For those reasons, I believe that whilst we are supportive of this House expressing sympathy, I think that we should, therefore, utilise the mechanisms that we have at our disposal to enquire further into those deaths that we want to. I certainly do not have any objection to us doing that.
We can go into all kinds of other things. Dr. Norton talked about the pit latrines. We should endeavour, in this country, to sooner rather than later not have to utilise pit latrines. The other day I visited a community, Dr. Norton, that still has pit latrines but the community was not in Guyana; it was in the United States of America. [An Hon. Member: Where?] It was in Mississippi.

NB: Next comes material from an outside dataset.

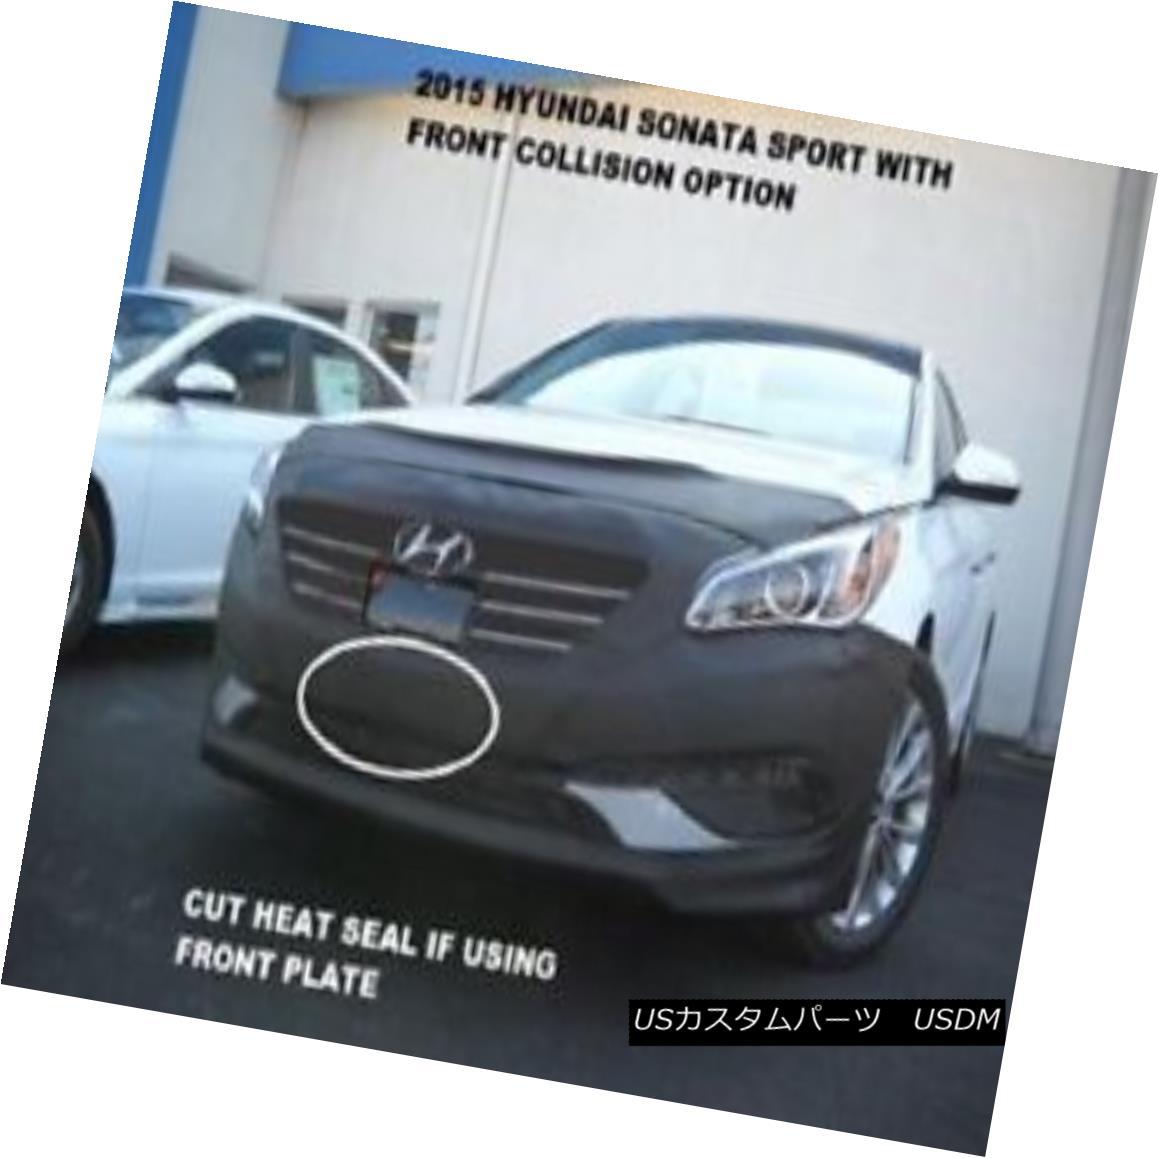 Car Mask Bra Lebra 2 piece Front End Cover Black Fits 2015 Hyundai Sonata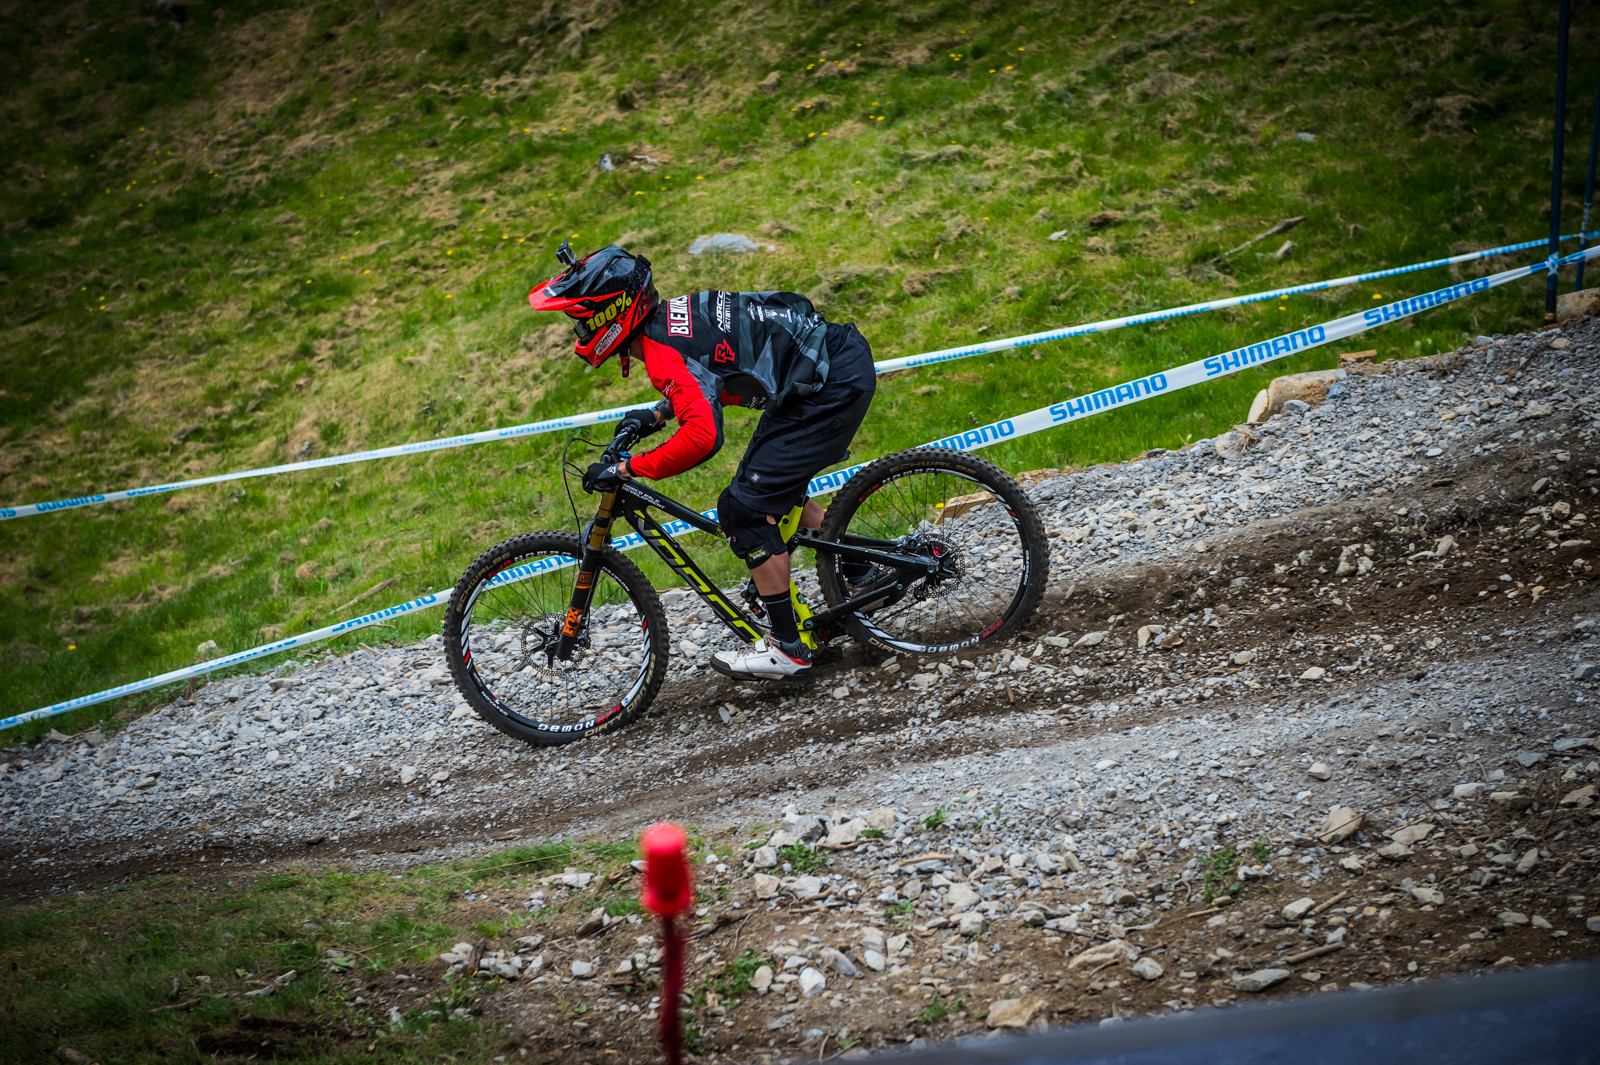 Sam Blenkinsop G-Out Project - Lourdes World Cup - G-Out Project - Lourdes World Cup - Mountain Biking Pictures - Vital MTB

I am saying that we have to continue to strive because I would hope that I am still alive and active in trying to improve lives in our country when this country could say that using pit latrines is part of our history; it no longer exists. I think we are all on the same path. How we get there is something we can debate but we need to ensure that we are working together on this. I would hope that any maternal death or child death, all of which elicit an automatic investigation, one day we will have no more, no more investigation because there would be no death of children and no maternal death. That should be our aspiration.
I, therefore, urge that we utilise the mechanism at hand. I know that the Hon. Member and all of us can see the merit of utilising the mechanisms that we have, not only to look into the reports already available but have the sector Committee do what it is mandated to do and enquire further into the Ministry what has been done since in order to prevent another outbreak that causes death. I am sure there will be outbreaks but they should be short and should cause no death.
I urge Members for us to take a different route that would engage us first before we seek to have more extensive mechanisms in place.